I recently was asking about parsing IGES files using xtext, which included Hollerith strings in the specification. These strings are denoted by an int value, the number of characters, followed by a 'H' and then the string. To parse such tokens, you recommended I use a custom lexer. I was able to get decent parsing to work using this approach, but was curious if the way I am lexing is not optimal or recommended.
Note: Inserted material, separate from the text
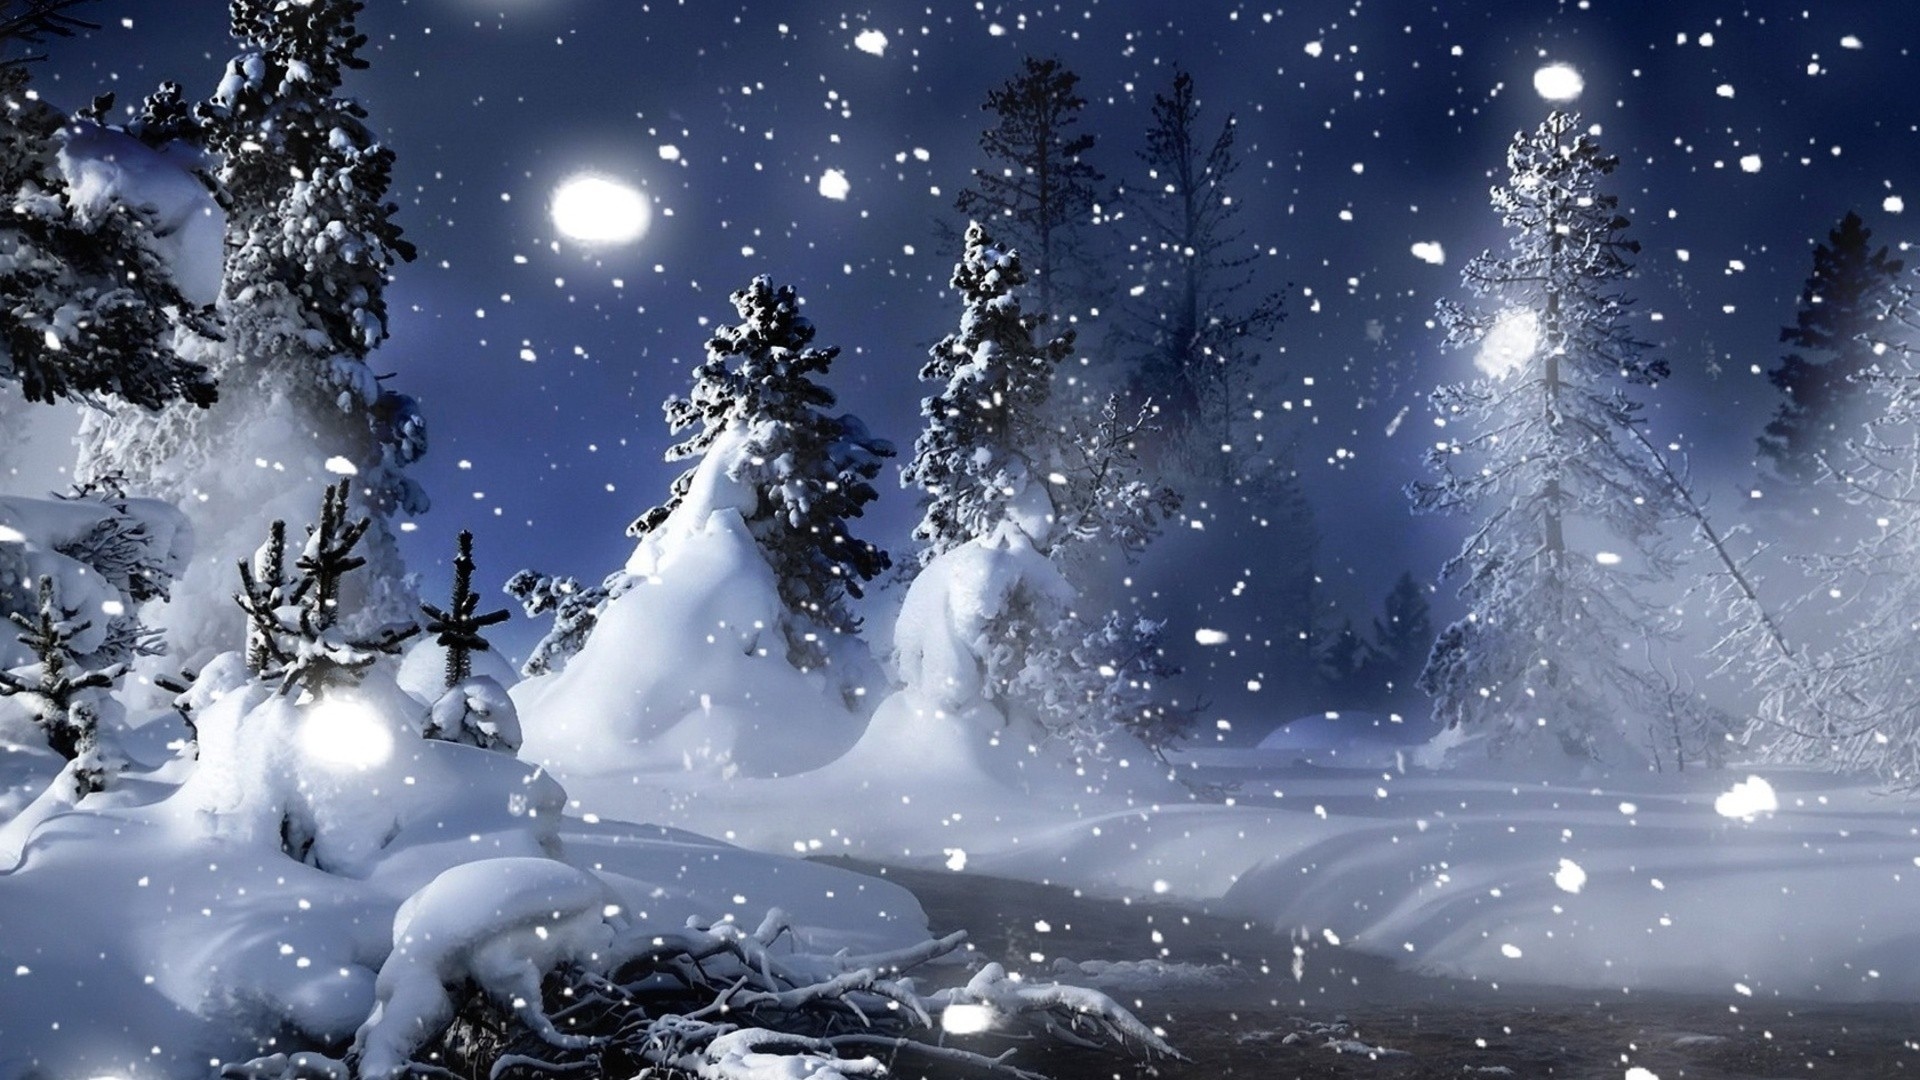 Giáng sinh là thời điểm đầy rực rỡ và ấm áp. Bức ảnh này sẽ đưa bạn đến với không khí ấm áp của ngày lễ giáng sinh. Khung cảnh tuyết trắng bao phủ và những món quà đầy sắc màu sẽ làm bạn cảm nhận được niềm vui và hạnh phúc của mùa giáng sinh.

To handle a token like 9Hmy String, for example, I added a terminal rule in my grammar called HOLLERITH with this definition:
terminal HOLLERITH:
INT 'H' . ;
and then created a new CustomIGESLexer that extended the generated InternalIEGSLexer. I then overrode the mTokens() method to check for these Hollerith strings first before allowing the internal lexer to work for any other token. I was wondering if this is a good approach, because I do not want to write a completely unique lexer, I just want to provide custom lexing for the Hollerith strings. The code is something like this:
public void mTokens() throws RecognitionException {
if (isHollerith()) {
myRULE_HOLLERITH();
} else {
super.mTokens();
}
}
myRULE_HOLLERITH() {
try {
int _type = RULE_HOLLERITH;
int _channel = DEFUALT_TOKEN_CHANNEL;
//... get the token, match the characters with match()
state.type = _type;
state.channel = _channel;
} finally {
}
}
I tried to resemble the style of the internal lexer when creating the custom rules. The isHollerith() just checks for an int followed immediately by a 'H'
private boolean isHollerith() {
int index = 1;
int cur = input.LA(index);
// See if an int starts the string
while (cur >= '0' && cur <= '9') {
index++;
cur = input.LA(index);
}
// Followed by an 'H'
return index > 1 && cur == 'H';
}
This might be a terrible way to customize the lexer rules, but it works for now.
Thank you,
Kasper Gammeltoft
Oak Ridge National Lab,
Computer Science & Mathematics Division
Computer Science Research Group